雍正初,高郵,江都又發(fā)生水災。時任揚州知府的張師載親臨災區(qū)視察,發(fā)現(xiàn)使災情加重的原因竟是閘官受利益驅使,置里下河民生于不顧,不肯開閘放水所致。他發(fā)現(xiàn),鹽船經(jīng)過閘口,水深六尺就行了。而眼下水深已超過九尺,可就是還不開閘放水。他當即責令閘役開閘,并就此立下定規(guī):今后芒稻閘的開啟權直屬揚州府。
然而,行政命令終究敵不過繩頭小利。未幾,還在雍正年間,有年夏天,又發(fā)生澇災,甘泉縣令龔鑒親臨芒稻閘要求放水,可閘官卻以未有鹽官命令為由拒不從命。幸虧這時河道總督稽曾鈞巡河到此,這才厲聲叱令閘官開閘。
到了乾隆二十三年(1757)時任江南河道總督的稽曾筠的兒子稽璜,隨乾隆南巡。在沿途察看了水勢時,他提出了“因水利導,移遠就近,疏通淮揚運河”的建議,這樣,既便灌溉,又利排澇。實施這一策略后,這一天秋汛大漲,里下河一帶安然無恙。十一月,稽璜又向乾隆帝建議,芒稻閘東有越河,鹽船可以由越河北上直達金灣閘再繞回運鹽河。這樣,鹽船只不過多了纖挽之勞而已,而芒稻閘則可“常年啟放,以利江湖脈絡貫通”。
這一建議得到乾隆的認可,他也認為“芒稻一閘乃歸江第一尾閭”,理應“早辟歸江之路”,常年啟放。于是,在乾隆二十三年(1758)五月下旨立了芒稻閘上諭碑,明令芒稻閘永禁下閘。
該碑名“泐芒稻閘永禁下板碑”,青石質,置于芒稻河西岸水月庵右側。碑首為云龍圍繞,正中火焰寶珠簇擁著“聖旨”二字。

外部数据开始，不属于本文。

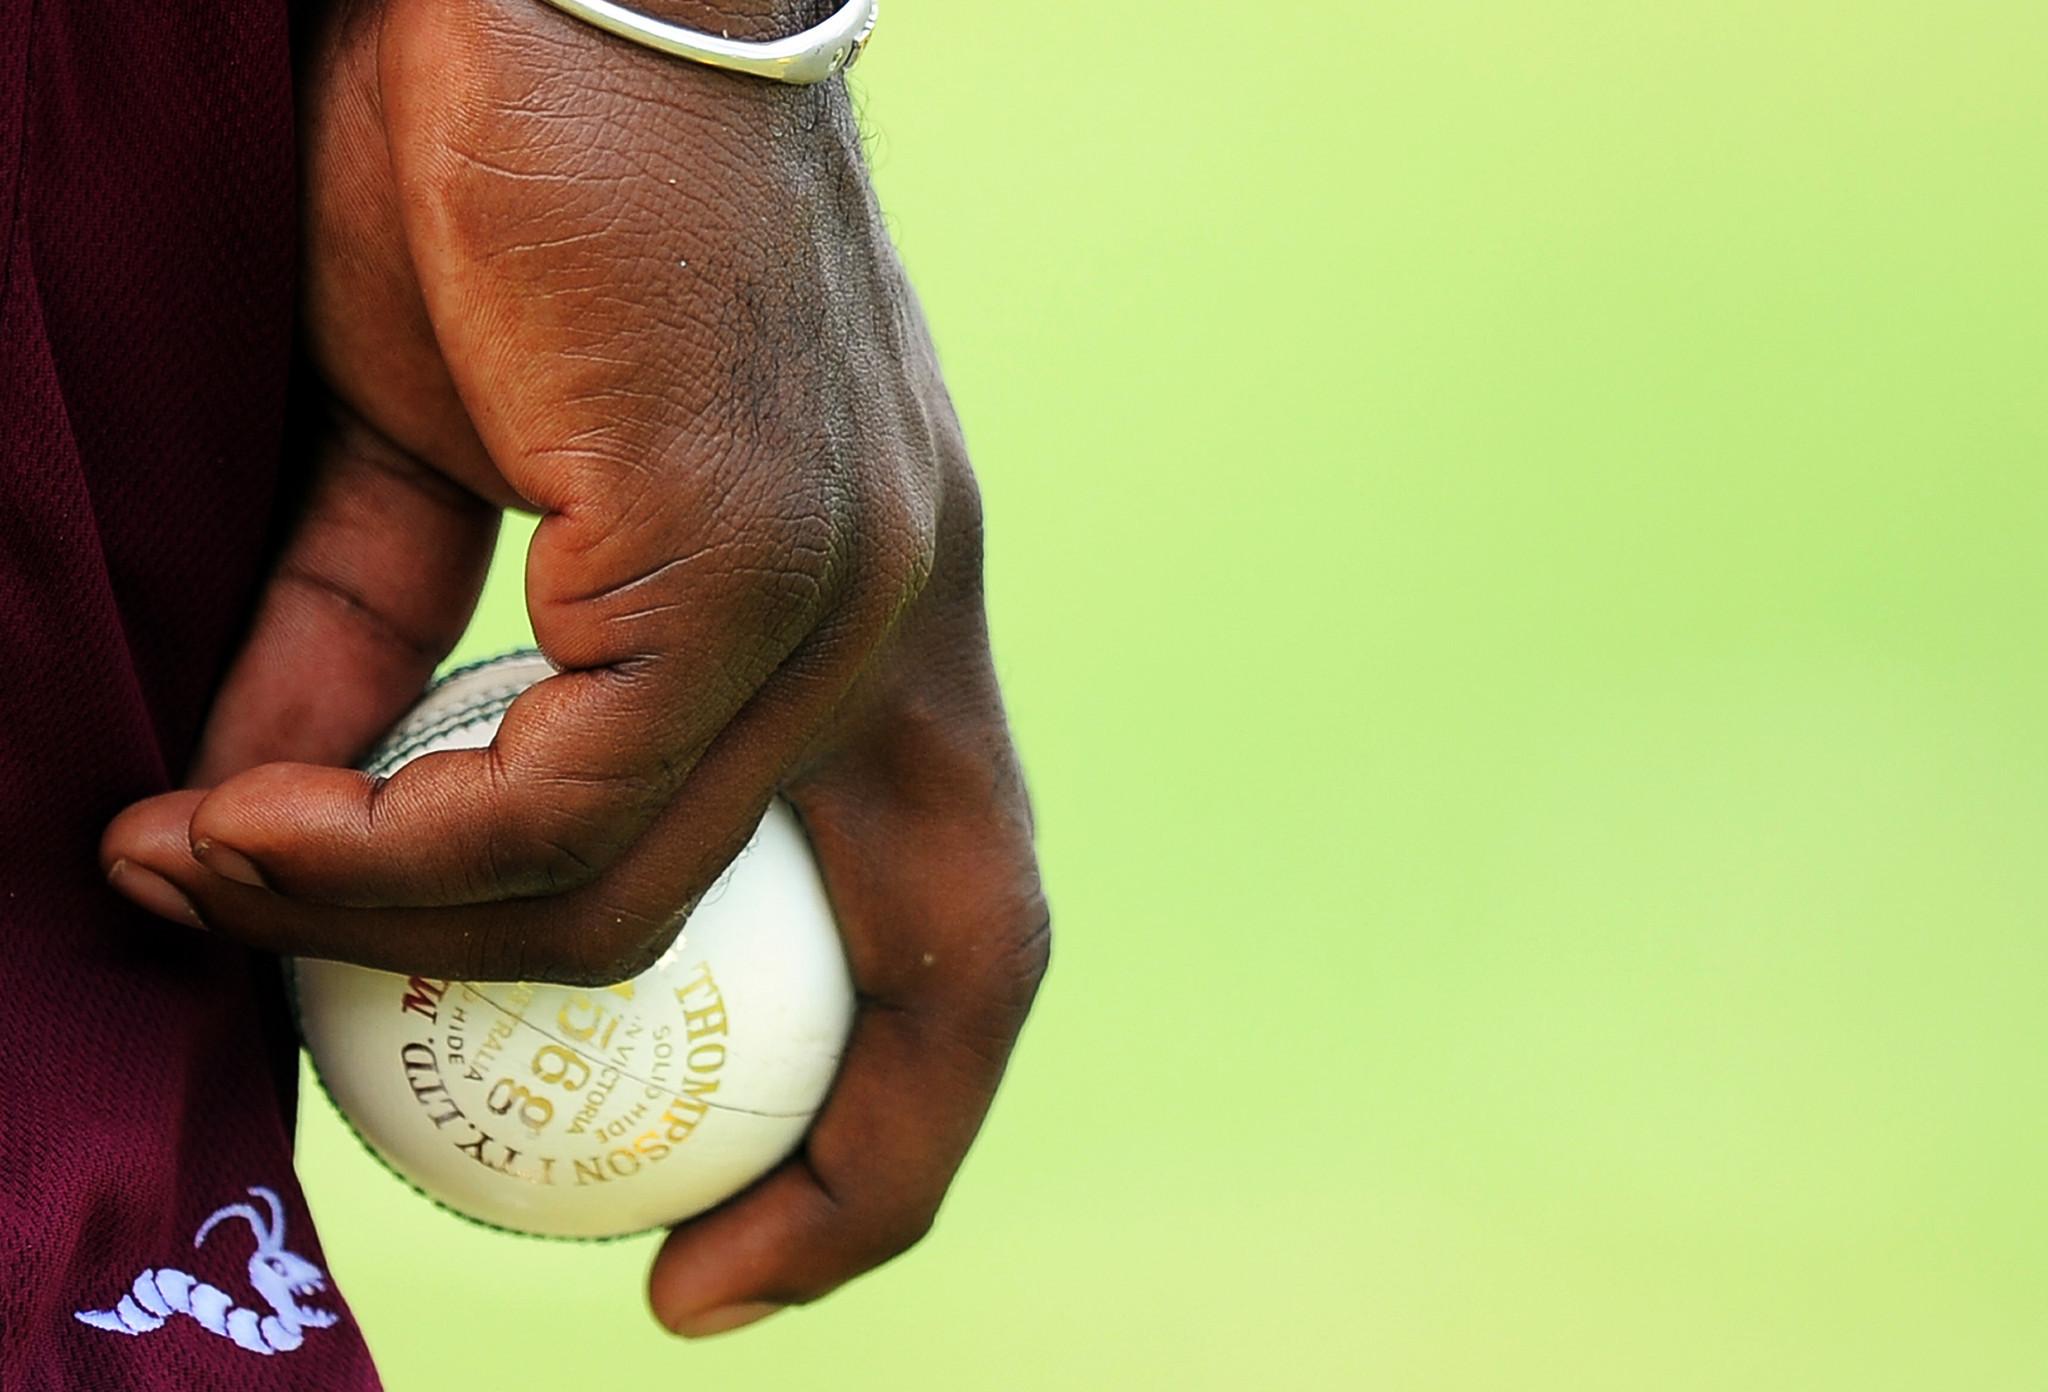 ICC postpone qualification events until end of June over coronavirus

一人多高的石碑屹立在一個厚重的白礬石須彌座上,象一個威武的衛(wèi)士守衛(wèi)在芒稻閘旁。
在上諭碑中,乾隆指出:"……芒稻一閘,乃歸江第一尾閭,向因淮南鹽艘皆由灣頭河轉運,必須芒稻閘門下板方可蓄水遄行,以致不能啟放合宜……閘東有舊越河一道,應令鹽艘由越河直走,金灣北閘是蓄水與運鹽已自分為兩途,芒稻閘自可長年啟放矣。但恐終狃于蓄水運鹽之習,仍不免因循觀望。夫蓄水運鹽,不過少省纖挽之勞,所費在富厚商人,而下河數(shù)州縣之民生攸系此,其輕重豈不較然耶?嗣后,芒稻閘永遠不許再下閘板,俾得暢泄歸江,則諸湖積水自可減退,遇伏秋大汛,亦足以資容納,而下河一帶得永蒙樂利之休矣!該督等將此旨泐石閘畔,俾后來司事者知所遵守焉。欽此。”后來,乾隆于二十七年(1762)第三次南巡到揚州接見陪臣時,又再次重申了芒稻閘永禁下板的事。
在立碑芒稻閘永禁下板開閘放水的同時,為了利于鹽運,乾隆又曾要求拓寬董家溝(今金灣河),石洋溝(今太平溝),道光時,又開新河,均設有三合土滾水埧,以利蓄水。但鹽商關切的是自己的經(jīng)濟利益,經(jīng)常去阻撓開閘放水泄洪。加之,時間漸久,法紀松弛,后來鹽商竟公然另行筑埧,重還鹽船直達灣頭的運道,甚至一度把持了歸江各埧的開啟權,運鹽與放水的矛盾依然存在。